Selecting an appropriate biological testing battery requires professional judgement and is not a simple check-box exercise. Animal welfare guidelines should be considered to minimize animal testing. Some examples of typical strategies and rationale applied to justify waiving certain biological tests for tissue implants are given below; however, in some cases, novel materials may require more comprehensive testing.

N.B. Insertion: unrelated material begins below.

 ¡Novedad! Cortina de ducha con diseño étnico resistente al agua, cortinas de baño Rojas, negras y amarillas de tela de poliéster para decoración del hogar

  • Section 4.4 of ISO 10993-2:2006 states, “For the purposes of the ISO 10993 series, animal tests shall only be deemed to be justified … when no suitable scientifically validated test method not involving the use of living animals is reasonably and practically available; and when relevant reduction and refinement strategies have been identified and implemented including, if appropriate, obtaining test data from manufacturers and suppliers, and literature searches for toxicity and biocompatibility data.” In addition, Section 4.4 states, “Testing is usually not necessary when sufficient information is already available to perform a risk assessment of the material and/or the medical device … biological testing is usually not necessary, if material characterization (e.g. physical and chemical) demonstrates equivalence to a previously assessed medical device or material with established safety.”
  
  • Section 4.10 of ISO 10993-1:2018 states that, “The biological evaluation shall take into account preclinical tests, clinical investigations, post-market experience from similar medical devices or materials, and other relevant information.” This information can be leveraged as described in Section 4.11: “Where recommendations for endpoint assessment per Annex A are different from prior published versions of this document, a history of safe clinical use can be used to document why additional testing on a commercially-marketed medical device is not needed.”
  
  • Regarding the relevance of testing for material mediated pyrogenicity (i.e., non-endotoxin related), Annex G of ISO 10993-11:2017 states, “It is not necessary to test all new medical devices. However, substances that have previously elicited a pyrogenic response, and/or new chemical entities where the pyrogenic potential is unknown should be evaluated for material-mediated pyrogenicity.” Annex G lists substances that are currently known to elicit a pyrogenic response, including endogenous pyrogens, prostaglandin, inducers, drug substances that disrupt thermoregulatory centers, organic chemicals that act as uncoupling agents of oxidative phosphorylation, naphthylamines, bacterial endotoxins, neurotransmitters, and certain nickel salts.